同文館、1990年。

第1章 『アナール』の誕生
第2章 ブローデルとブローデルの世界
第3章 物価史とエルネスト・ラブルース
第4章 時系列史の課題と動向
第5章 歴史人口学の諸問題
第6章 心性史と歴史人類学
第7章 『アナール』学派と社会史

30年以上も前の本で、この分野における基本図書にまちがいないだろうから、今さらなんだろうけども、良書。たいへん勉強になる。分かるようで分からないところも多かったアナール学派のあれこれ、とくには学派内の多様性について、理解が深まった。著者の竹岡さんは、パリに留学してブローデルの講義を受けた方とのことで、現在90歳になるはずだが、ごく最近、2020年にも上・下巻に及ぶ大部の研究書を出版されている模様。

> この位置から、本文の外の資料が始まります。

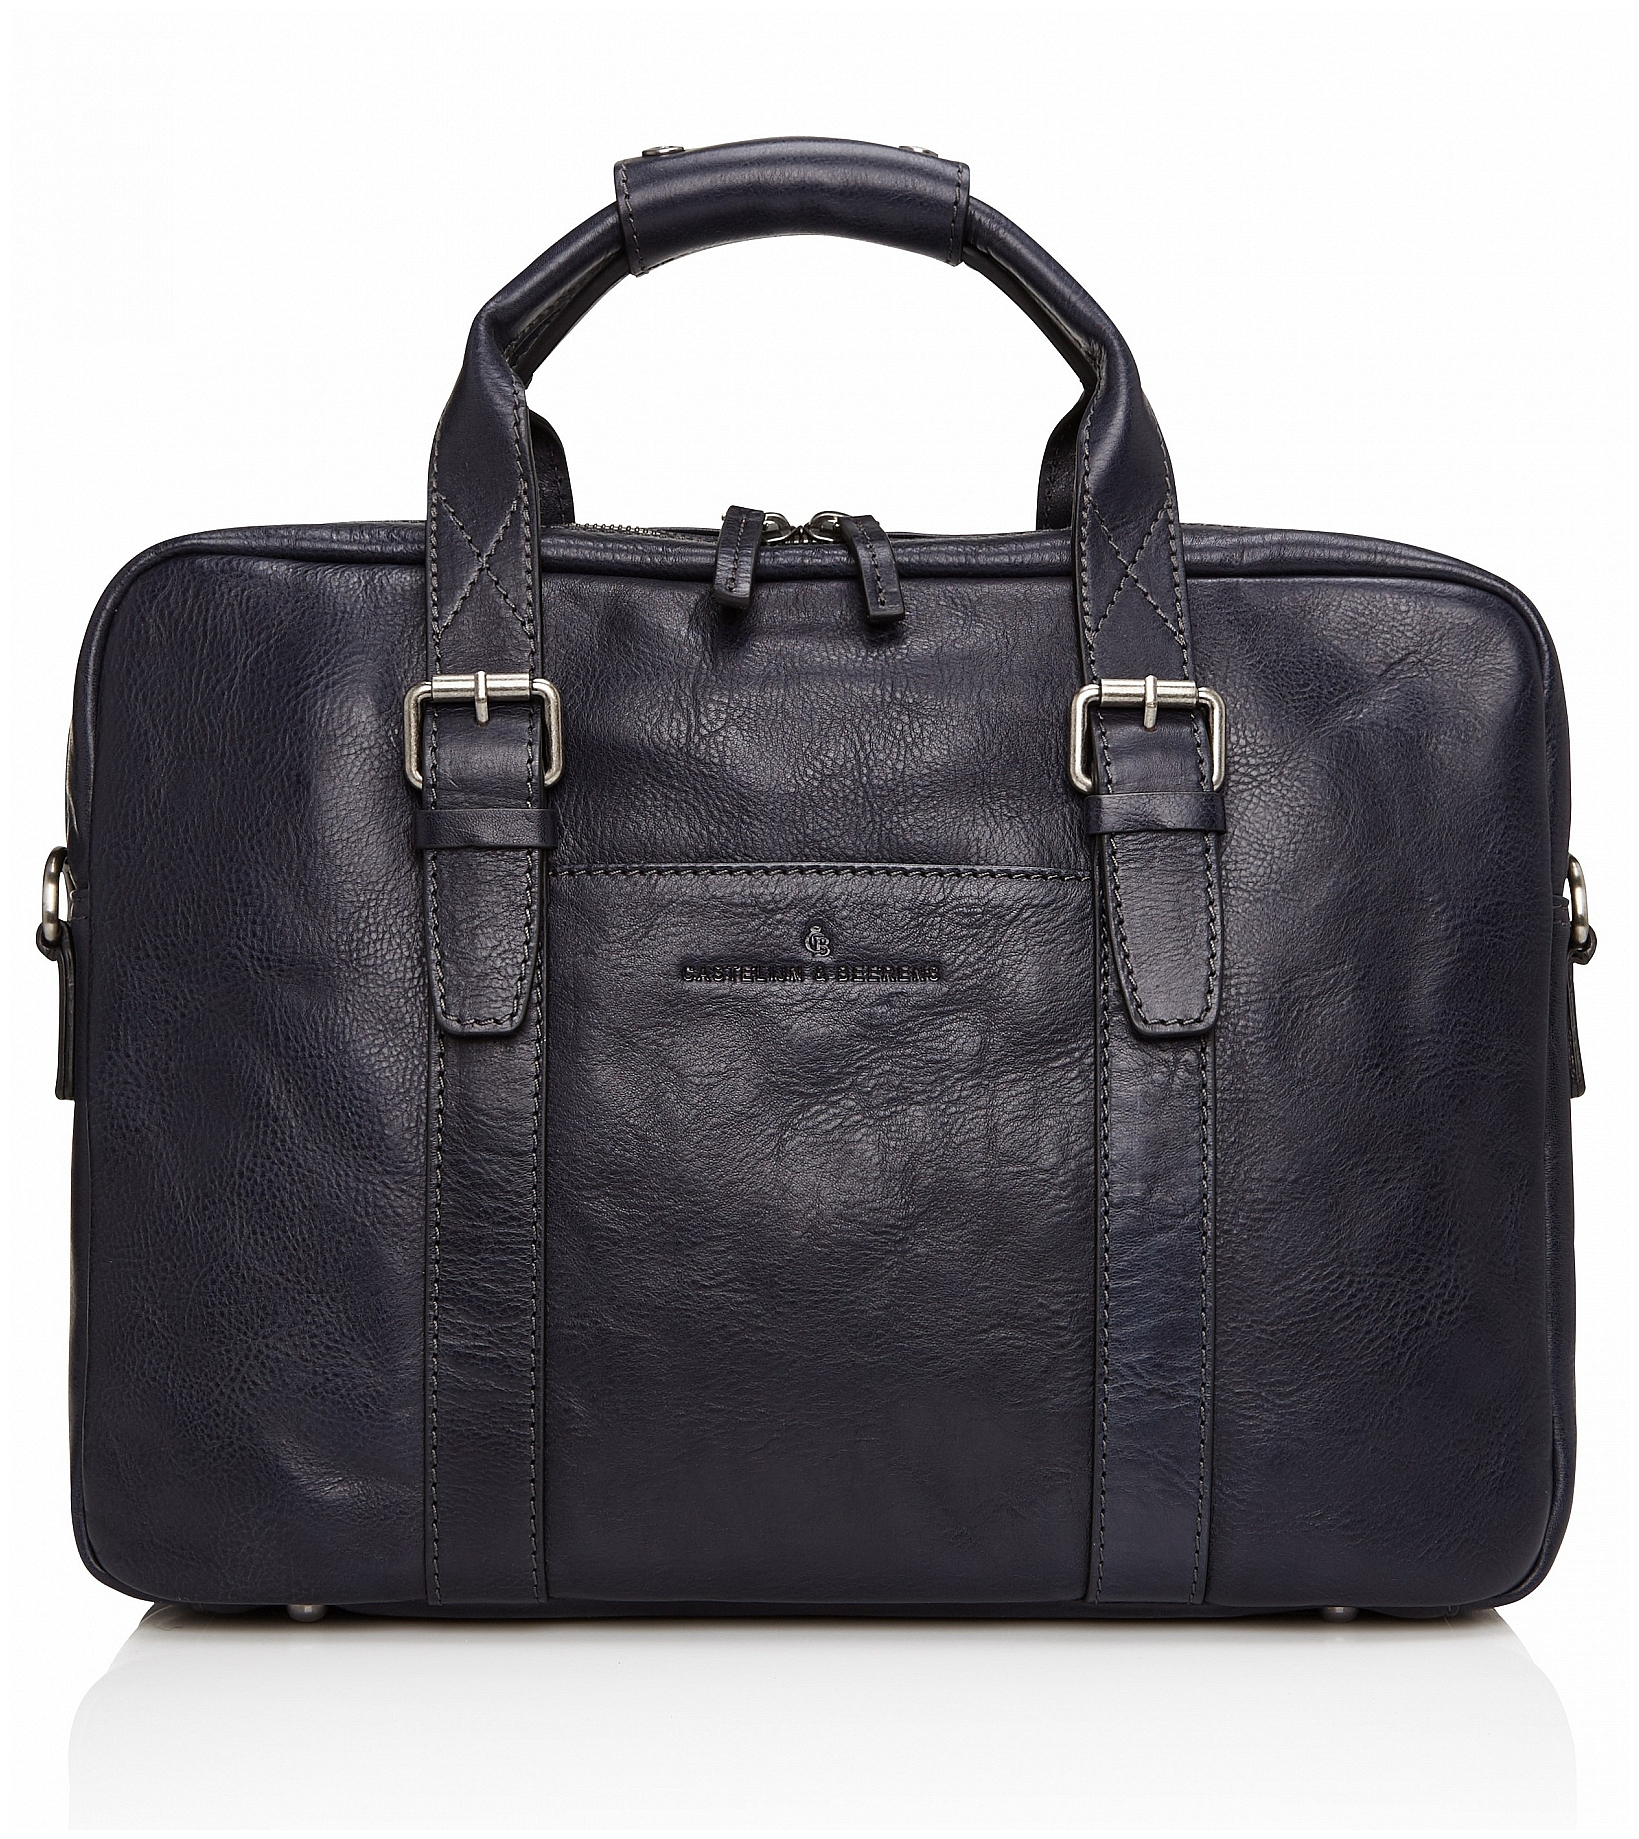 Castelijn & Beerens Kožená taška na notebook a tablet Bravo 639473 tmavě modrá

狭義のアナール学派だけを扱うのではなく、周辺領域との関係にも目配せがなされているのがありがたい。境界横断を旨としたアナール学派がとくに影響を受けたのは、地理学、社会学、経済史であると。そのなかで、社会史・心性史・長期史・時系列史・歴史人口学等の潮流の進展に与することになったと。ただし、「理論的企てにたいする頑強な拒否」がアナール学派の特徴であって、それがその発想の源泉のひとつであるデュルケム学派と一線を画する点であり、(僕の解釈ないしパラフレーズでは)アナール学派があくまで歴史学である理由となっている。

本書でもたびたび触れられているが、たしかにアナール学派の存在を念頭におくと、ミシェル・フーコーの仕事の位置づけについても見通しが立ってくる気がする。このほか、個人的には、ガブリエル・ル・ブラーズの宗教的社会学との関係についてさらに知りたい。